In another, she made the comment on that same trip to Aspen, Colo., but in the vacation home of diplomat Henry Catto, according the New York Times, which cited Catto’s autobiography.

But those accounts don’t match the recollection of Philip Zelikow, a National Security Council staffer under Bush, or of Bush’s national security adviser, Brent Scowcroft, who spoke about it in 1996. Both were part of the Aspen trip.

"The ‘wobbly’ comment has indeed been widely misunderstood and long ago became a factoid," Zelikow told PolitiFact.

Zelikow, now a history professor and associate dean at the University of Virginia, recalled the encounter as part of an oral history project for the University of Virginia’s Miller Center.

"I remember her using that line later in the context of arguments over the rules of engagement in the embargo and so forth,"  Zelikow said in April 2000. "There was an argument about whether we should be willing to fire on Iraqi ships, and there were a number of these fairly complicated conversations later in August and then in September."

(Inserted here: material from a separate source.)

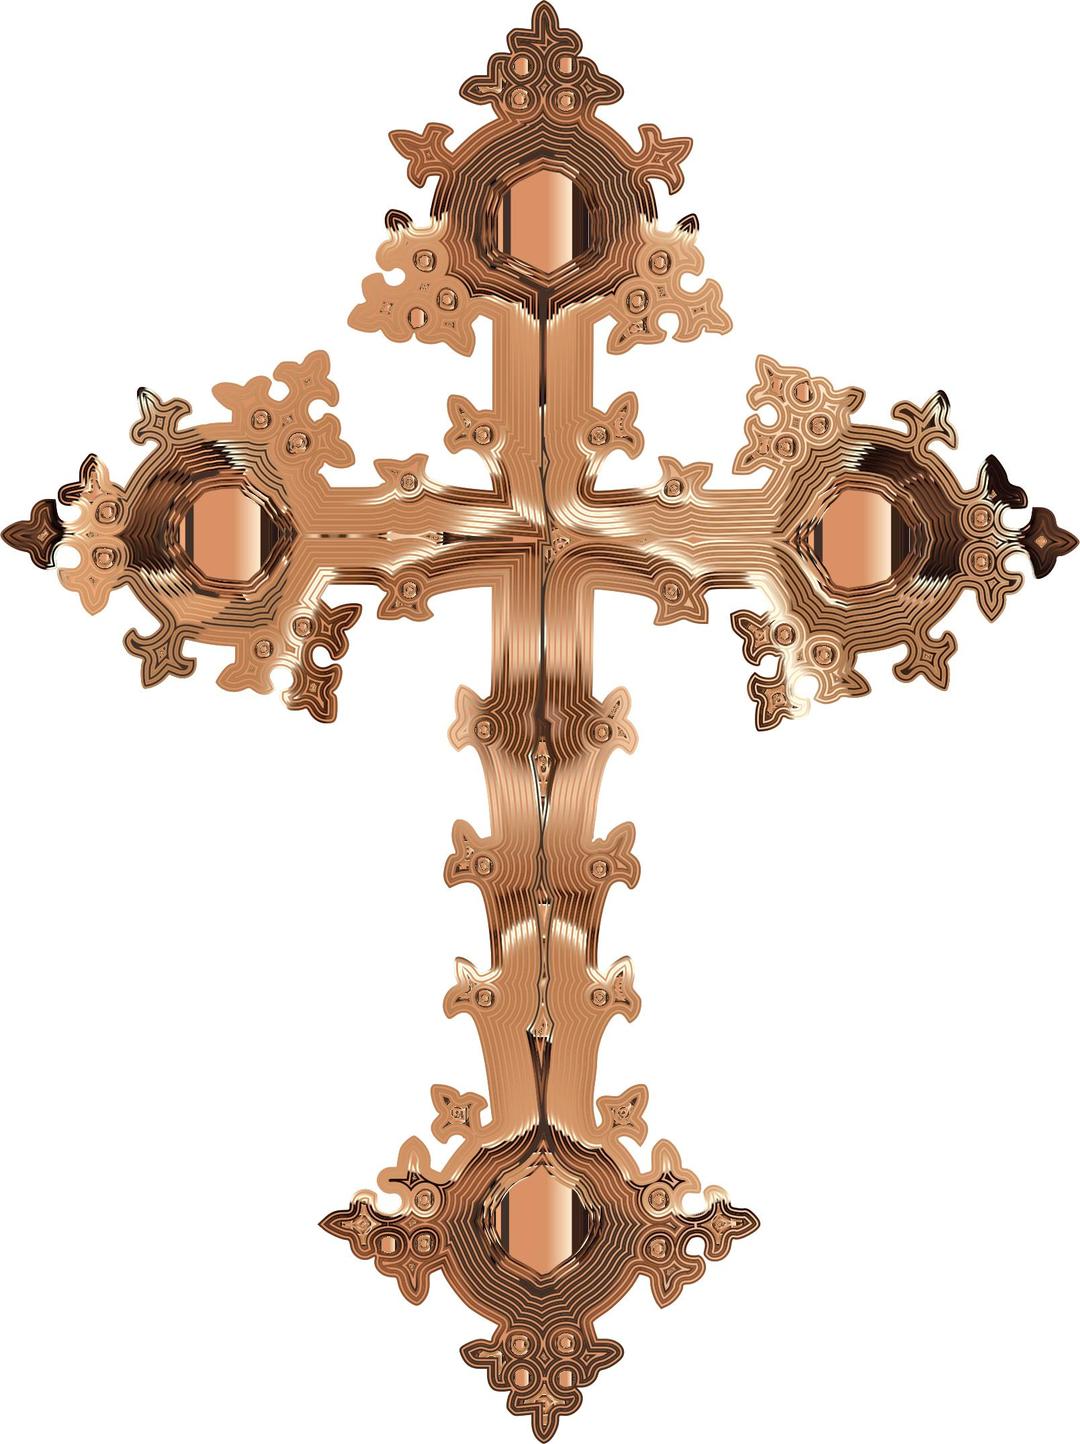 Polished Copper Ornate Cross No Background png transparent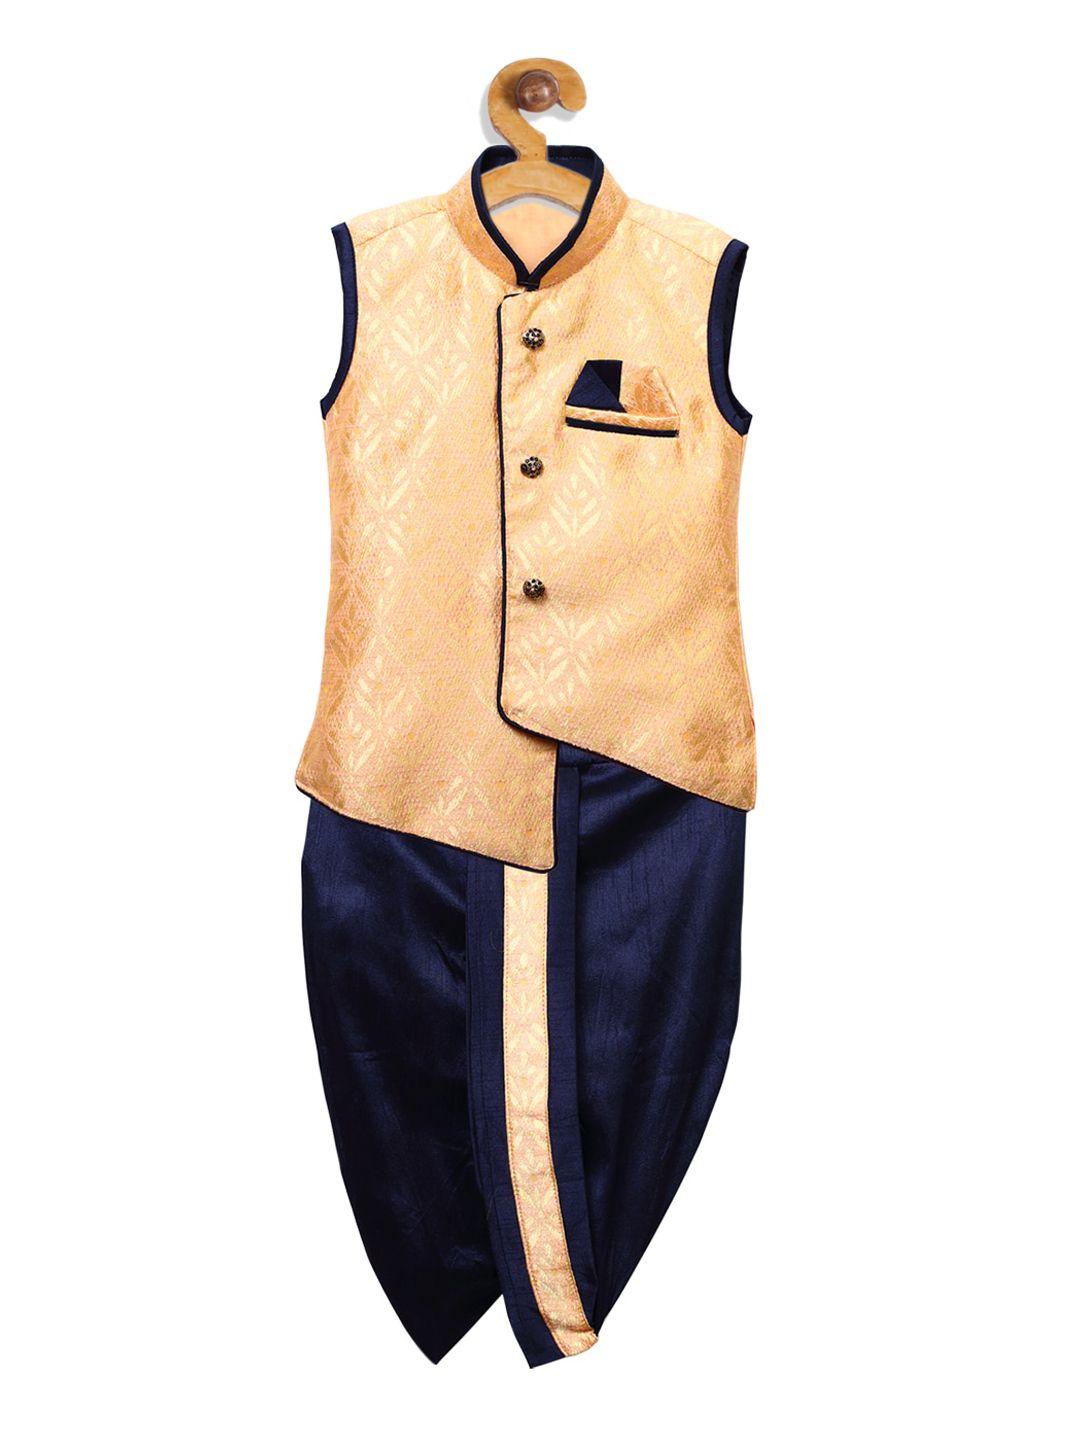 ridokidz boys rose gold & navy blue self design waistcoat with dhoti pants

In any telling, Thatcher warned Bush against wobbliness in August or September 1990. The precise date — and, especially, whether he needed such advice — is a matter of some dispute.

But by March 1991, the phrase had entered White House lore, the president himself said.

"Those who work with me in the White House know we use that expression often and have used it during some troubling days," Bush said in his medal speech for Thatcher. "And never, ever will it be said that Margaret Thatcher went wobbly."

Our ruling

Cheney called "that famous quote" nothing but "an old wives' story." But Bush and Thatcher themselves recount a phone call near the end of August 1990 in which Thatcher admonishes "this is no time to go wobbly."

Popular accounts of the "wobbly" quote shift the statement to the beginning of August, giving it an early starring role that several insiders dispute.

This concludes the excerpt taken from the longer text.